Error 404 after sucessfull cluster switch
erhard Dec 29, 2011 3:38 PMI have the setup from http://community.jboss.org/thread/176649 (that patch included) with two JBoss 4 as backend. the following happens:
When I shutdown the JBoss with the active session, the second takes over sucessfully. But then sometimes I get a 404 for a single hit. Parts from the logfile (with debug):
{code}
[Thu Dec 29 19:16:07 2011] [debug] mod_proxy_ajp.c(644): proxy: AJP: serving URL ajp://192.168.40.129:8109/demo/
...
[Thu Dec 29 19:16:07 2011] [debug] ajp_header.c(516): ajp_unmarshal_response: status = 200
... Shutdown of first node
[Thu Dec 29 19:16:07 2011] [debug] mod_manager.c(2296): manager_handler DISABLE-APP (/) processing: "JVMRoute=cluster1&Alias=localhost&Context=%2Fdemo"

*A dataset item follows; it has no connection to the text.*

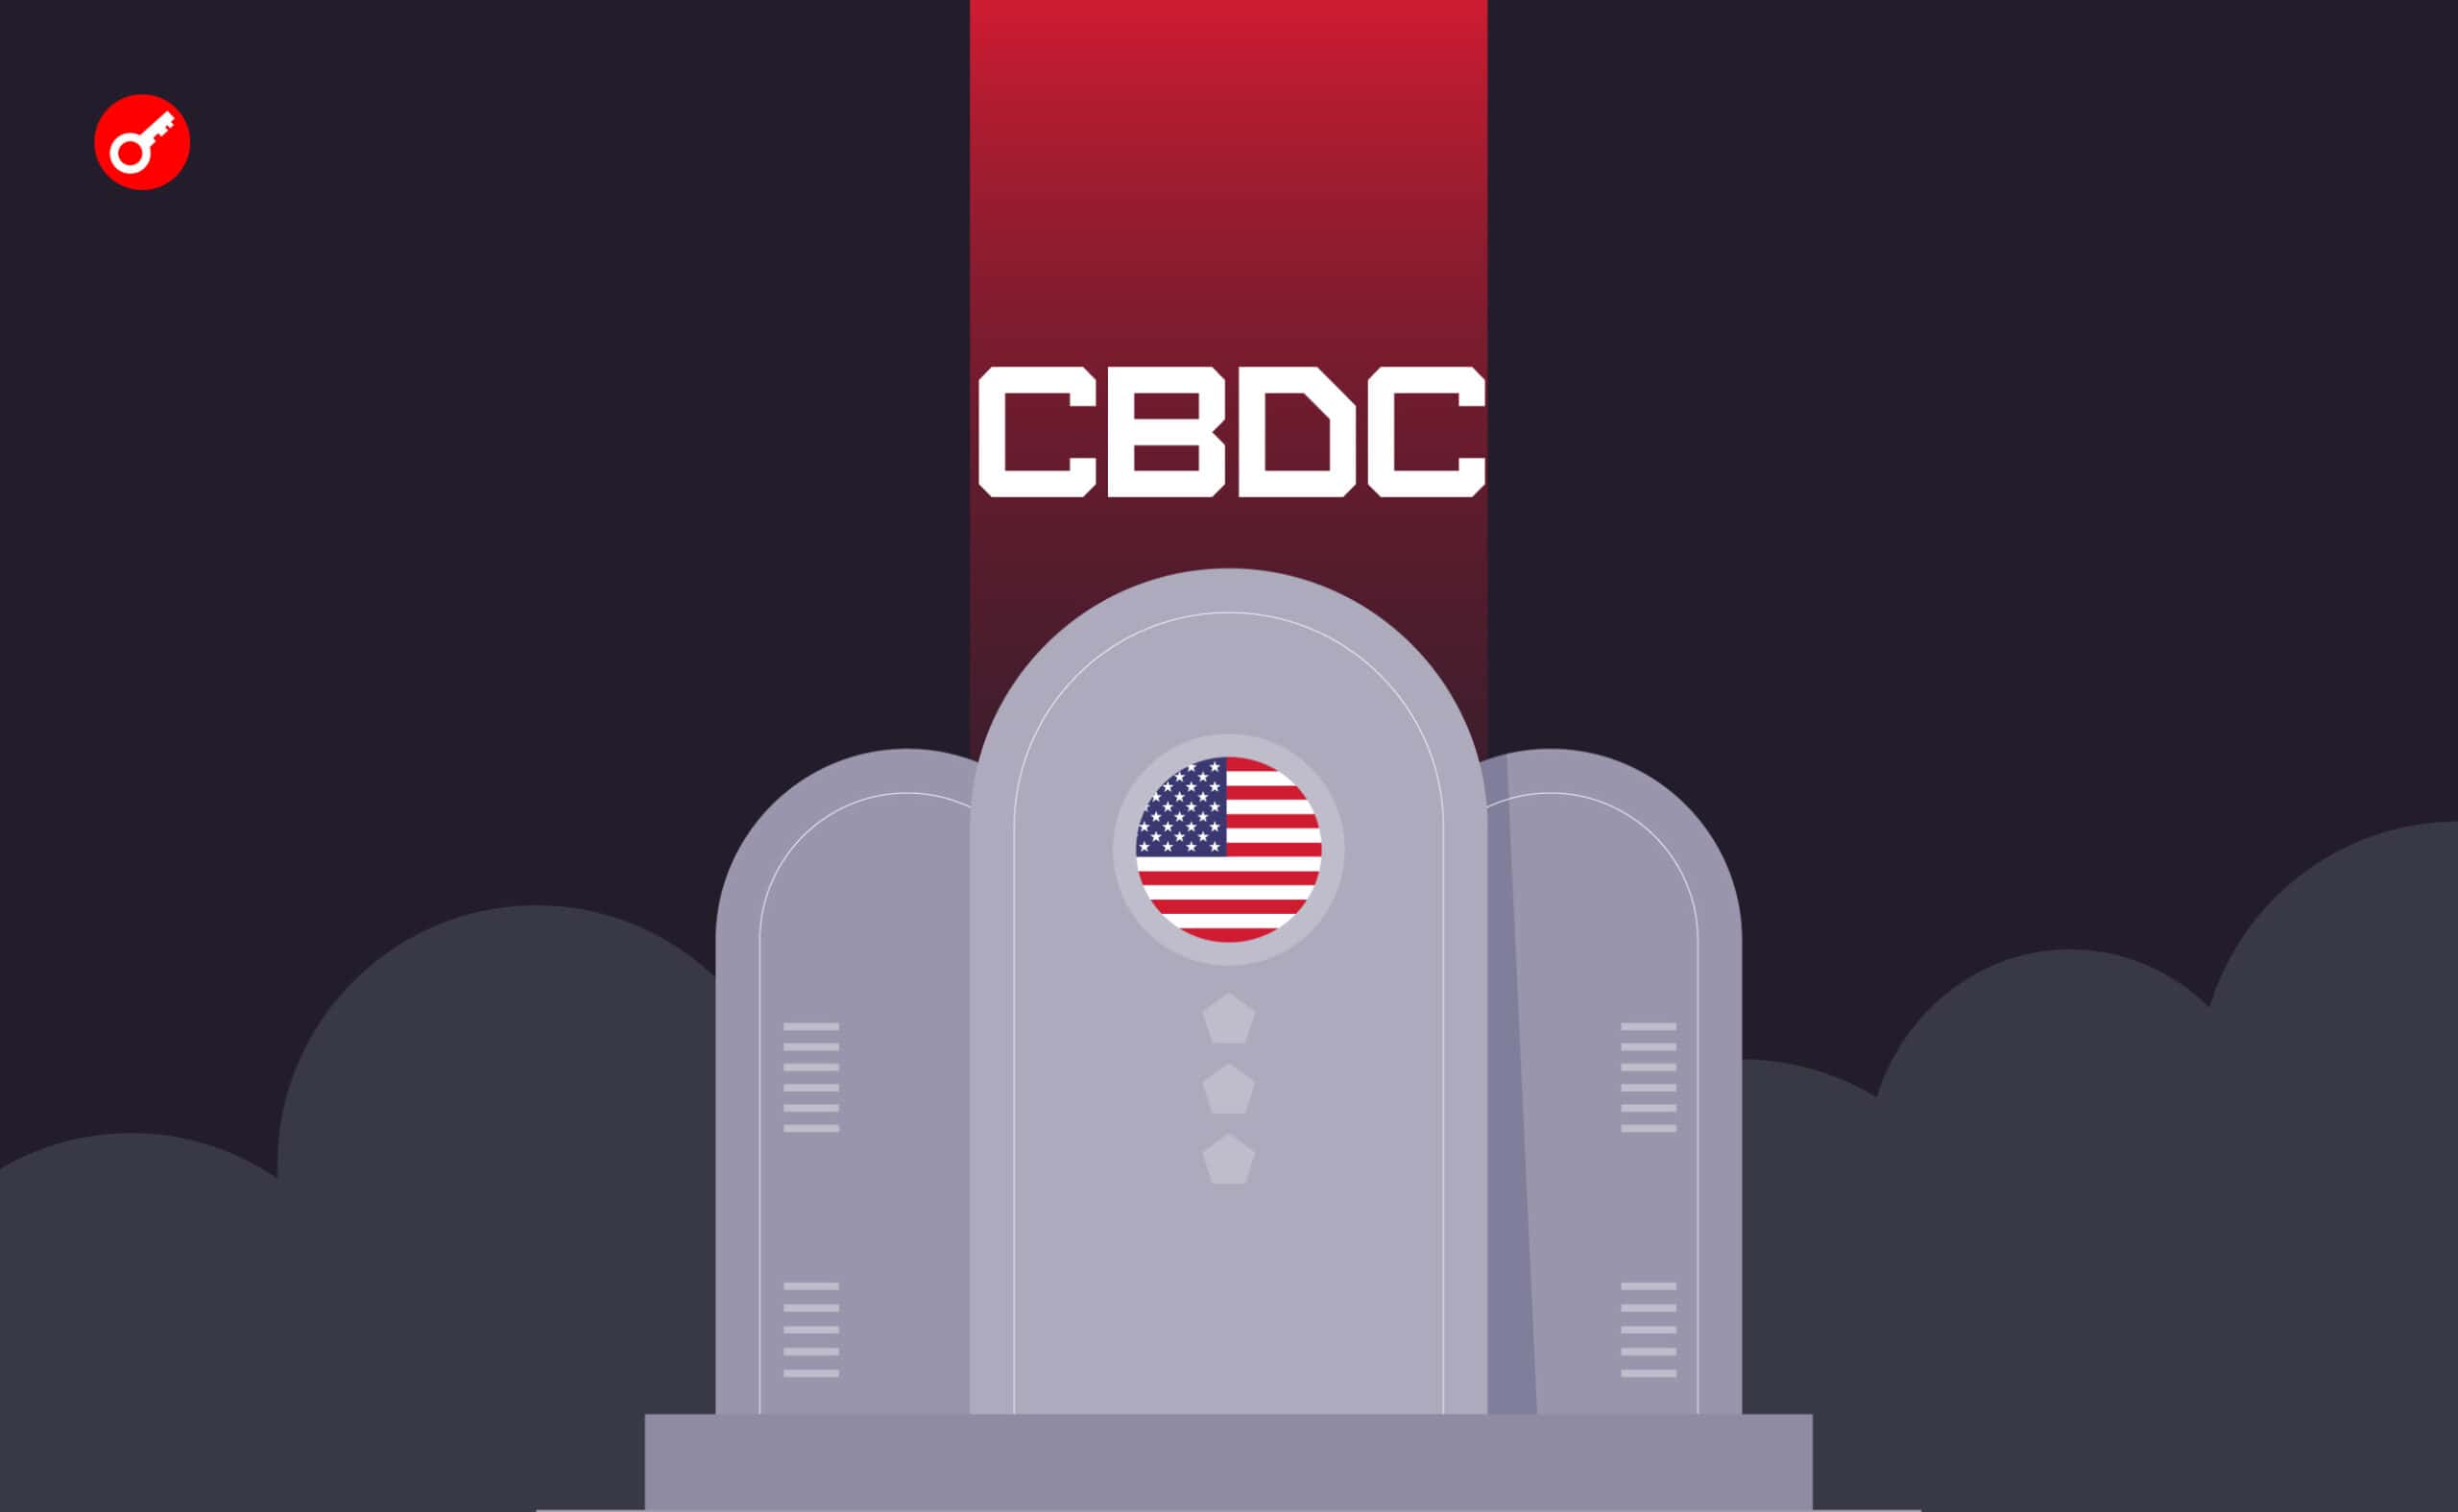 Кандидат в президенты США назвал CBDC «могилой американской свободы». Заглавный коллаж новости.

[Thu Dec 29 19:16:07 2011] [debug] mod_manager.c(2339): manager_handler DISABLE-APP OK
[Thu Dec 29 19:16:07 2011] [debug] mod_manager.c(1653): manager_trans STOP-APP (/)
[Thu Dec 29 19:16:07 2011] [debug] mod_manager.c(2296): manager_handler STOP-APP (/) processing: "JVMRoute=cluster1&Alias=localhost&Context=%2Fdemo"
[Thu Dec 29 19:16:07 2011] [debug] mod_manager.c(2339): manager_handler STOP-APP OK
[Thu Dec 29 19:16:07 2011] [debug] mod_manager.c(1653): manager_trans REMOVE-APP (/)
[Thu Dec 29 19:16:07 2011] [debug] mod_manager.c(2296): manager_handler REMOVE-APP (/) processing: "JVMRoute=cluster1&Alias=localhost&Context=%2Fdemo"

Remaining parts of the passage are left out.